Some hours later, Tiny Tim spotted a face he knew and let out a shout. A second later, he was throttling the life out of a skinny-looking cowboy missing one of his arms to an old infection.
His name was Kink, and it turned out Tiny Tim knew him from the grifter routes they traveled. He had skin the foamy color of Annalee’s, lots of plastic teeth, and a few prosthetic whizzes and bits: a pinkie finger that doubled for a flashlight, some metal teeth that sent alerts from his visor directly through his skull cap, even a nifty metal nose he could shut down when he wanted. He’d once been a flyboy, smuggling false permits and visas, and high-well paid for it, but the work had gotten too dangerous.1
“Was a time plenty of the border boys looked the other way,” he explained. “They remembered dissolution, and half of them were secretly unionist anyway. But things have changed.” He shook his head. “Two things you can count on in this world: that change will come, and that you’ll wish it hadn’t.”
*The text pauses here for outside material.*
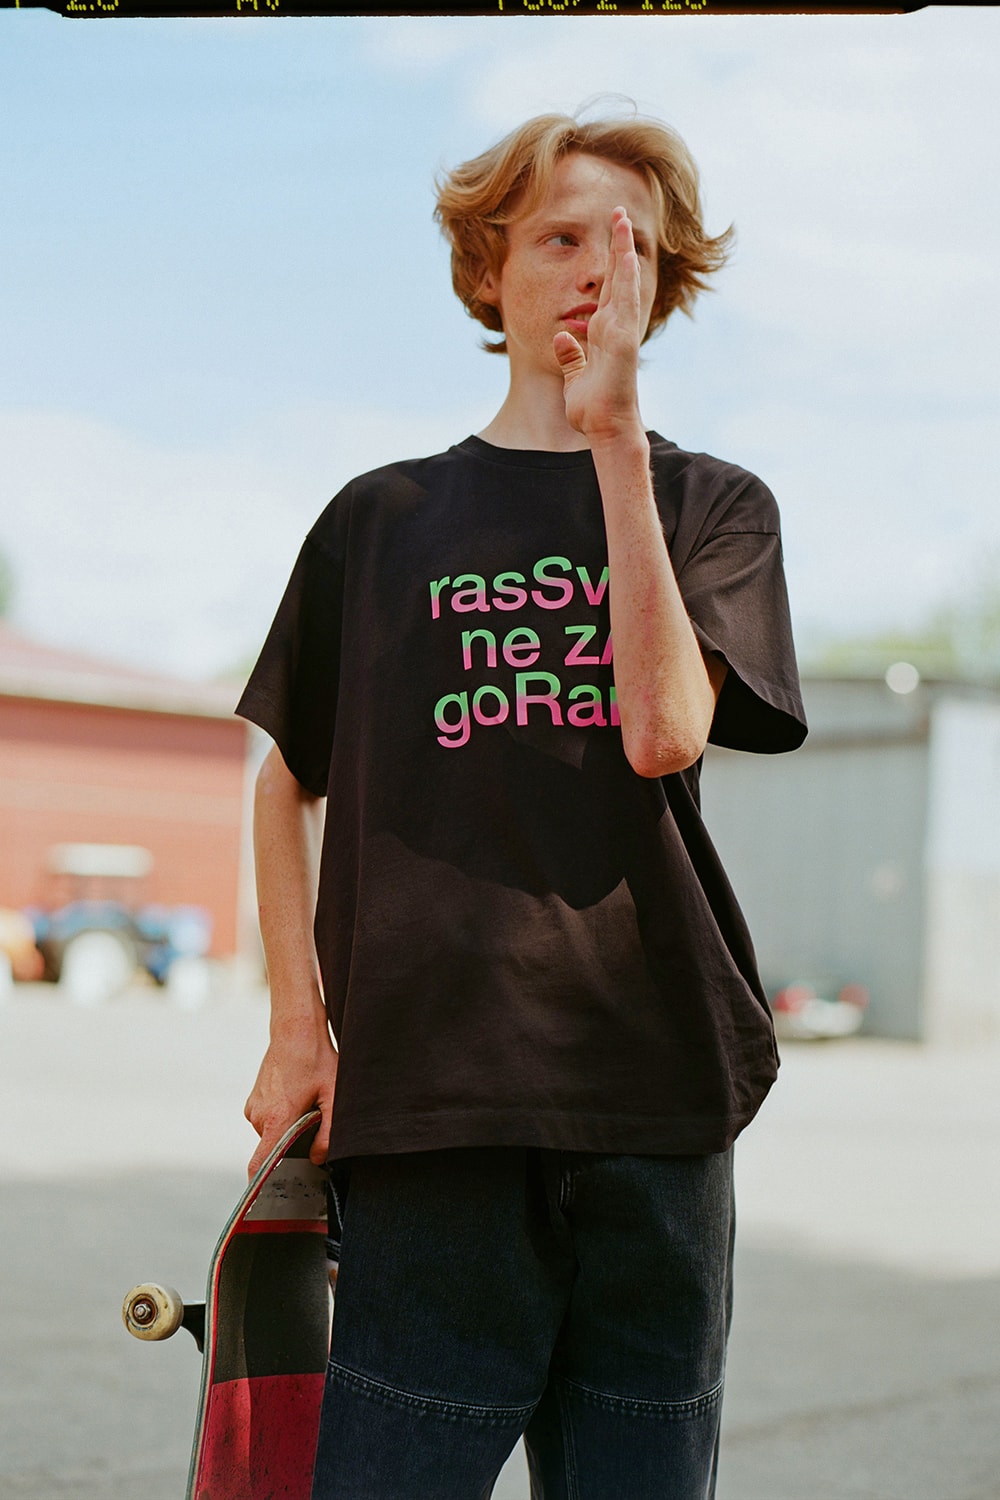 PACCBET Rassvet Winter 2018 Collection Gosha Rubchinskiy Moscow Skate Store Release Date For Sale Availbility

Kink spent nearly half the year underground and knew the secret turn-offs and the caves where pools of vivid water condensed luminescent mush
rooms on the walls. Normally, the local moles would chase off strangers from their territory, but Kink was well-known and had slowly earned their trust by bringing down supplies from the surface to leave in their camps. We camped on a lip of stone at the edge of a hot springs after bathing, and sprawled out naked together while a mortified Sammy went into deep sleep. Kink gathered some purple mushrooms from the walls he said would give us funky dreams, and we cracked open a case of Mini Cheddar Frank ’n’ Roll Chili™ he’d bought off one of the underground sellers. It was obviously counterfeit—the balance of chemicals was all wrong—but I was so hungry, I’d of eaten shoe rubber.2
“I been in every country across the continent three or four times the last decade,” he told us. “And I tell you, only thing changes deep down is the stank. In the low countries you got the stank of mold and shitjuice. In the Dakotas, it stinks of dirty money. All of Denver reeks like shiver and Russians, the Confederacy like the fester of an armpit hole, and the Dust Bowl has the worst stank of all of them, because there ain’t nothing but death in every direction.”
Now Kink worked as a flesh drone, delivering letters and small packages in and out of countries where the risk of censorship or interference was high, which was most of them. It was Kink who let drop the info I would of sworn the pop-up ad on the Yellow Brick Road had been trying to sell me: Mark J. Burnham had been forced to resign as CEO, though he’d been allowed to keep his title of president, and had been hustled into some secret rehab on Florida Island. The shareholders blamed President Burnham for being soft on terror—there were even rumors of possible sympathies in that direction.
The whole thing, Kink said, was notching us toward another world war.
“Now the board is deadlocked in negotiations and can’t decide who to nominate up,” he said. “Meanwhile the director of international sales is threatening sanctions against Texas if they won’t co-grind in the manhunt for that terrorist blew up the bullet train.” Luckily, he didn’t know he was talking to the country’s most wanted, or I felt sure I’d wake with my intestines hooked to his mail pack. “But to be true with youse, things been flowing in that direction for years now. This cold-war shit was bound to burn hot sometime. Crunch, United’s one of the worst offenders. Blowing up oil tankers in the Gulf and claiming it was RFN interference. Squeezing every last dime from its colonies and even doing back-end deals with the cartels. Oh, yes,” he said, catching view of my face. “The Federal Corp’s been running Dymase™ to shiver addicts all over the world. How else you think it keeps its market share?”